Pertunjukan non-stop ini, cepat atau lambat, akan menimbulkan kelelahan. Lambat laun kita akan merasa kalau hal semacam ini tidak baik untuk kesehatan mental, dan solusi terakhir yang bisa ditempuh adalah tren meninggalkan media sosial. Untuk mendapatkan kembali kendali atas waktu dan pikiran, banyak yang memilih untuk mengurangi interaksi di platform tersebut, bahkan ada yang ambil kembali kendali atas hidup mereka.
Serbuan Konten Artificial Intelligence dan Misinformasi
Selain algoritma yang kejam, banyaknya konten-konten Artificial Intelligence (AI) yang bermunculan juga sangat melelahkan. Beberapa konten yang sengaja dibuat untuk menyebarkan hoaks dan misinformasi semakin tak terbendung. Hal tersebut semakin mengkhawatirkan ketika algoritma tidak berusaha menghentikan penyebaran konten sejenis, malah berperan sebagai penyiram bensin dalam api.

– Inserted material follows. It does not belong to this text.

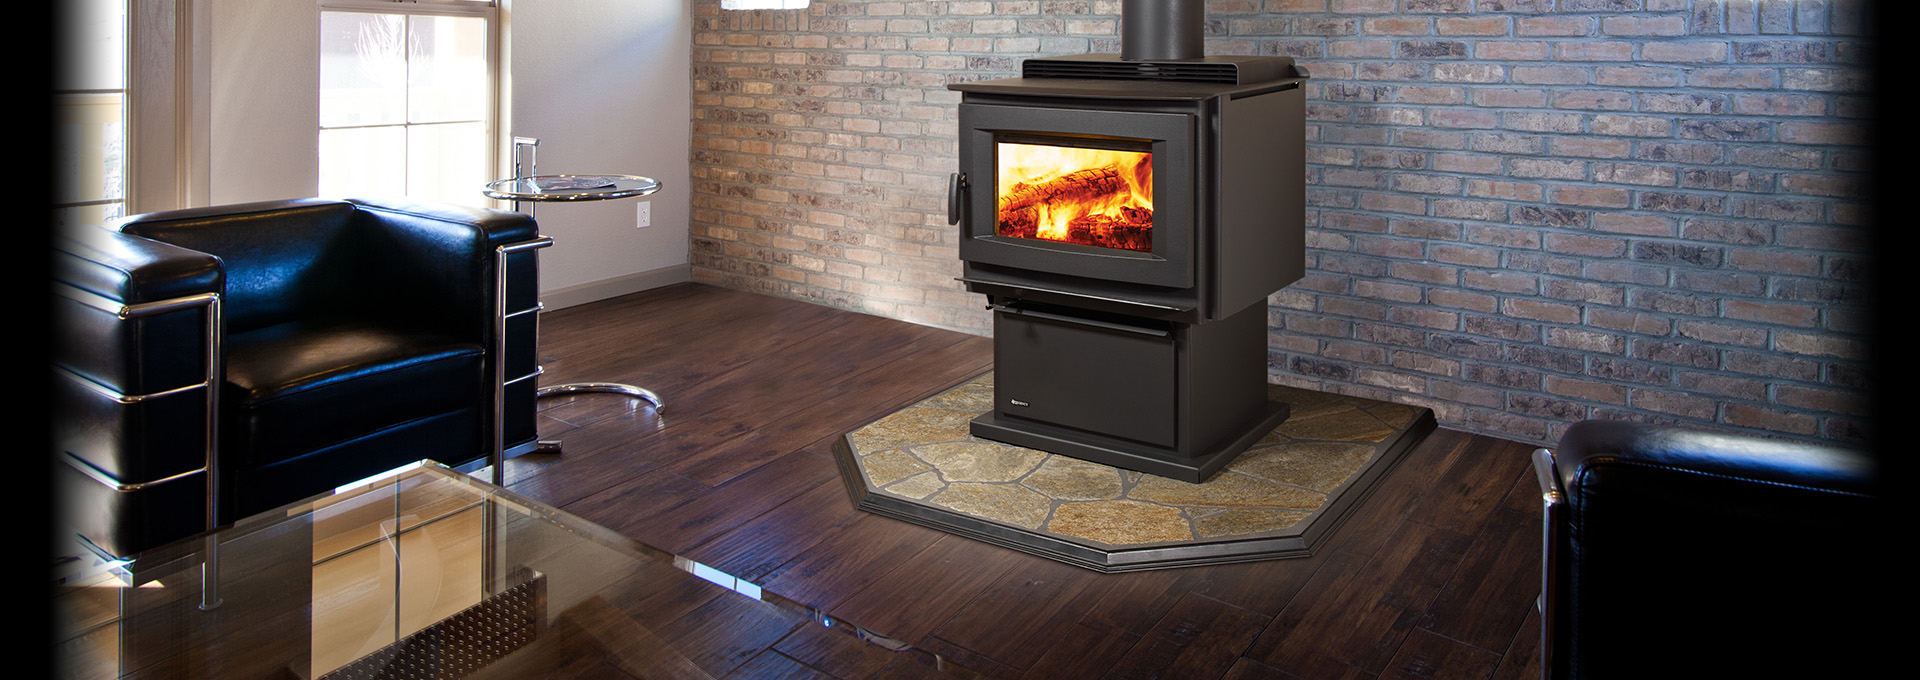 Regency Pro Series Extra Large Wood Stove

Fenomena ini juga yang memicu adanya teori konspirasi soal Dead Internet Theory yang pernah dibahas di artikel sumber. Jika isi internet saat ini kebanyakan bukan konten buatan manusia, maka untuk apa berada di dalamnya? Ini menjadi pertanyaan mendasar yang mendorong banyak orang untuk mempertimbangkan berhenti media sosial.

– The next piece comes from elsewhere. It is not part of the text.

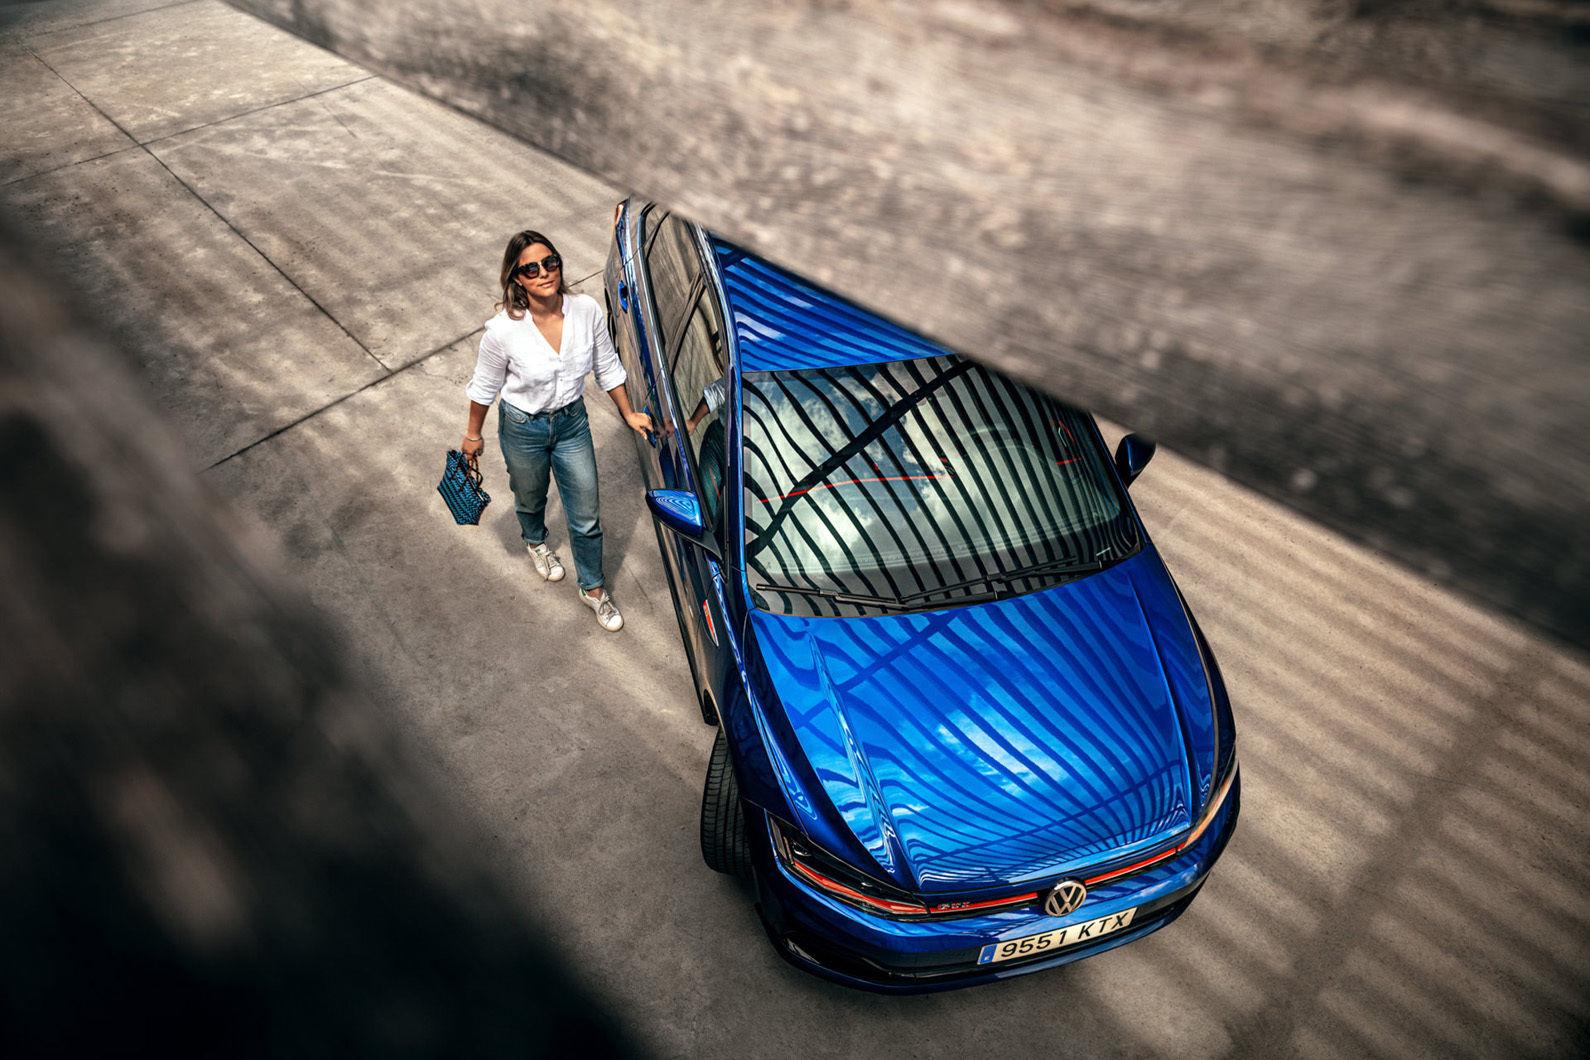 GEORG ROSKE C/O TOBIAS BOSCH FOTOMANAGEMENT FOTOGRAFIERT SOCIAL MEDIA KAMPAGNE FÜR DEN NEUEN VW POLO GTi AUF MALLORCA

Manfaat Detox Mental dan Menemukan Keseimbangan
Dengan berhenti media sosial, kita telah secara tidak langsung melakukan detox pada mental. Waktu yang biasanya terbuang untuk melakukan scrolling Reels di Instagram atau konsumsi video pendek di TikTok kini bisa digunakan untuk hal lain yang jauh lebih produktif. Ini adalah salah satu manfaat utama dari tren meninggalkan media sosial yang patut dipertimbangkan.

Sekarang, kita akan memiliki banyak waktu untuk membaca, belajar hal baru, berkreasi, atau bahkan memperbaiki diri. Ketika kita sudah sadar akan dampak buruk media sosial, maka jawabannya akan jadi lebih mudah. Medsos bukan lagi menjadi kekangan yang terus menjebak, tetapi berikanlah waktu istirahat yang cukup agar hidup jadi lebih seimbang. Ini bukan soal berhenti sepenuhnya dari media sosial, melainkan tentang bagaimana kita menjaga agar teknologi buatan manusia ini tidak berbalik merugikan kita sebagai pengguna. Lantas, bagaimana menurut Anda? Apakah Anda sedang melakukan detox medsos?